Years later, when I went on to earn my PhD in family therapy, I was often reminded about the absence of the patient's voice when I wrote up case studies or watched clinical presentations. Eventually, my hospital experience became an impetus for a study that looked into the clients' perceptions of the process of therapy and offered a different slice of the client's reality. The merit of such an approach can be illustrated through the systemic concept of double description, the ability to hear different ideas from separate sources within a system and consider each to be valid and useful, despite discrepancies and oppositions. As one remains receptive to several views, a more complete picture comes into focus than would have emerged from just one understanding (Keeney, 1983). As a researcher and a therapist, I am interested in this double description of therapy and the way different descriptions come together in a meaningful way.

In this article, I will provide an overview of the study, sharing with readers how I came to the research, what I learned, and the implications for practice and research. The main question that guided this study was, "How do clients make sense of the experience of therapy?" I wanted to respect the lived validity of the client's account and to narrow the gap between the theory and practice of therapy. It is grounded in the assumption that clients should be acknowledged as reliable on matters that relate to their own needs and preferences, and that it is important for us to listen to clients and examine our practices in light of the client's experience of them.

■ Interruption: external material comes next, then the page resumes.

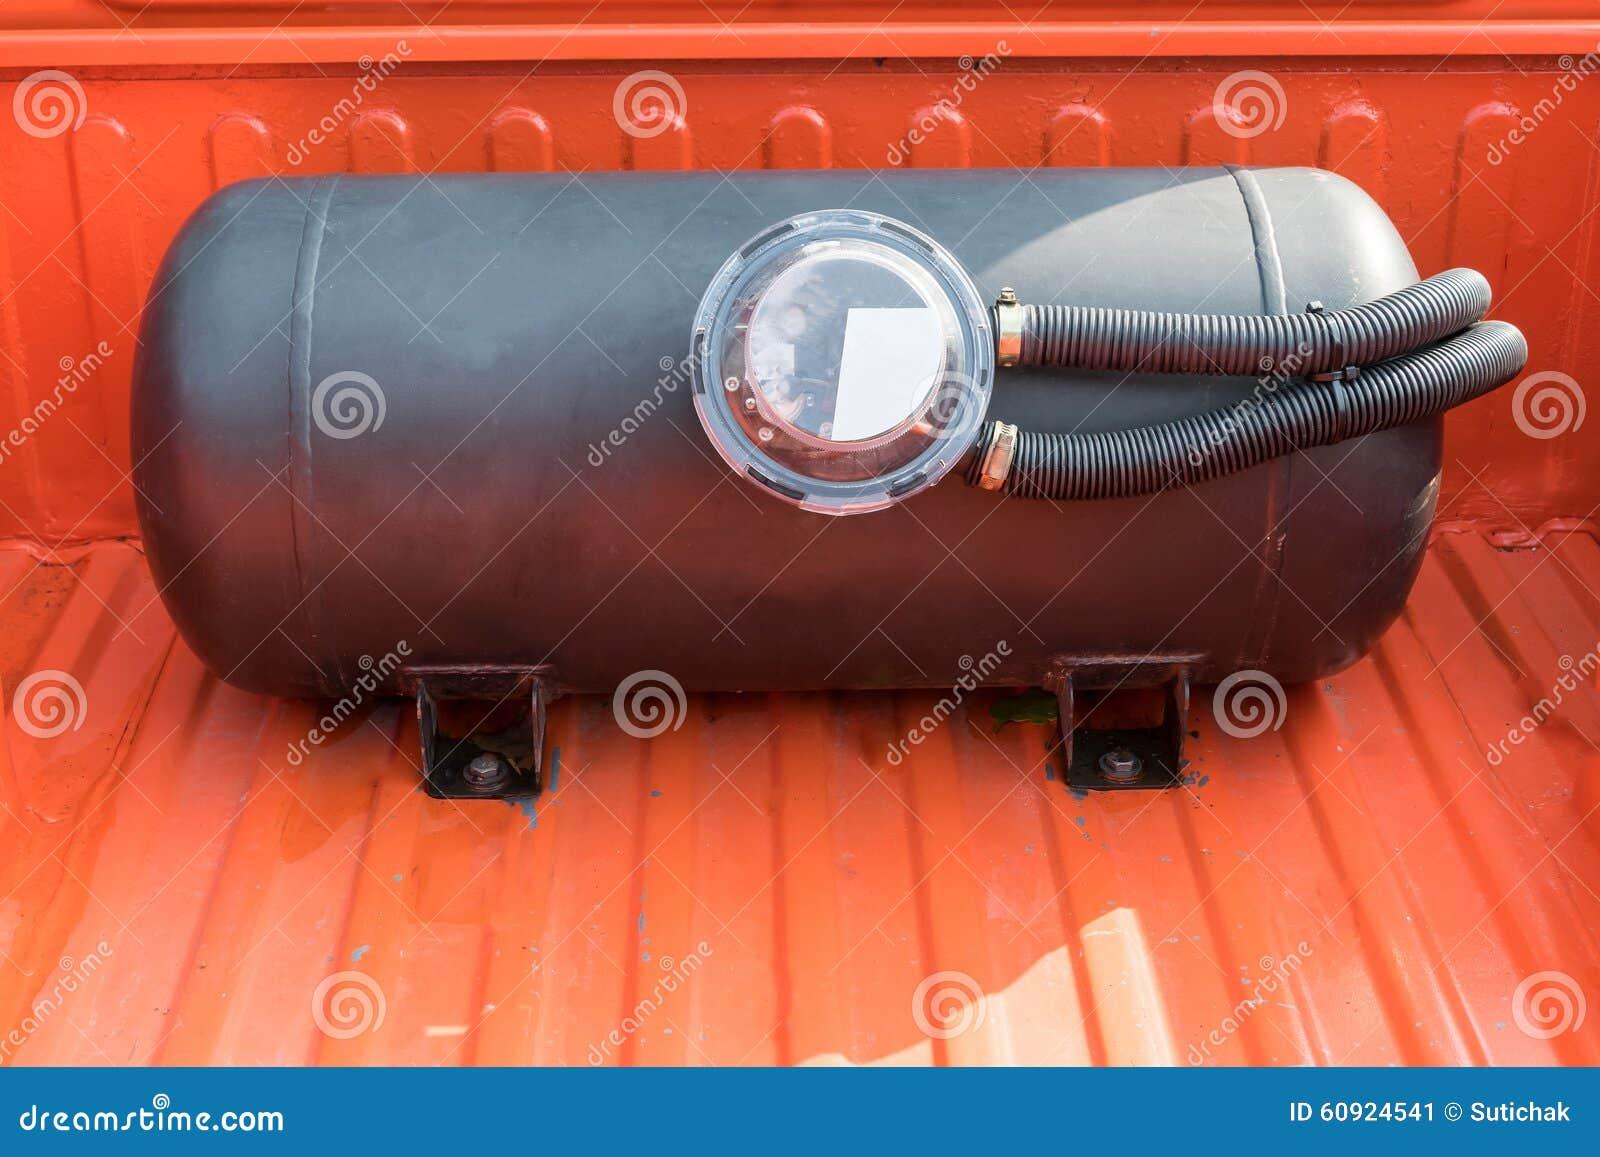 Measure Natural Gas Pressure

THE SHIFT TO COLLABORATIVE THERAPY AND RESEARCH

As postmodern ideas of social constructionism have influenced the fields of family therapy, clinicians have become more collaborative by including clients' experiences and views throughout the process of therapy (Bertolino & O'Hanlon, 2002). Although there are various constructionist models, they all hold in common the epistemological belief that a totally, objective reality, one that stands apart from the knowing subject, can never be fully apprehended. Rather, all human knowledge is socially constructed (Watzlawick, 1984). All individuals engage in a process of sense making in understanding the world and their differences in perspective and experience shape that understanding. As a result, there is not a single, unitary reality; rather there are multiple realities articulated through the lived experiences of individuals (Andersen, 1991; Anderson & Goolishian, 1988). A constructivist approach in therapy and research aims to help clarify the way that individuals construct meaning in their world as well as to create practices for using those understandings in beneficial or useful ways.

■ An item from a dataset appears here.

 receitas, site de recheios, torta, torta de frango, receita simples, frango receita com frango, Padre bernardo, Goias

Over the years, the need to research the process of family therapy has been increasingly emphasized (Friedlander, Wildman, Heatherington, & Skowron, 1994; Pinsof, 1989) as outcome studies have left researchers and clinicians with questions about how change reported in therapy might have occurred. Several major reviews and proposed models have addressed issues of context (Greenberg, 1984), the relationship of process to outcome research (Greenberg & Pinsof, 1986; Gurman, Kniskern, & Pinsof, 1986), the roles of qualitative and quantitative approaches to research (Moon, Dillon, & Sprenkle, 1990), stages of change (Prochaska, 1999), and the role of common factors across models and theoretical orientations (Lambert & Bergin, 1994; Miller, Duncan, & Hubble, 1997). Other research has transgressed the process-outcome distinction to focus on the circular interaction of the therapist and family system that accounts for change (Miller, Duncan, & Hubble, 2004; Pinsof, 1989). In a comprehensive review of outcome studies, Orlinsky and Howard (1986) found that "the most decisive aspect of therapeutic process seems to be the patient's experience of it" (p. 348). These authors recommend that we accept the client's meaning system as the guiding theory from which to operate and conclude that "The quality of clients' participation, their perception of the therapist and what the therapist is doing, determine whether any treatment will work" (Miller et al., 1997, p. 25).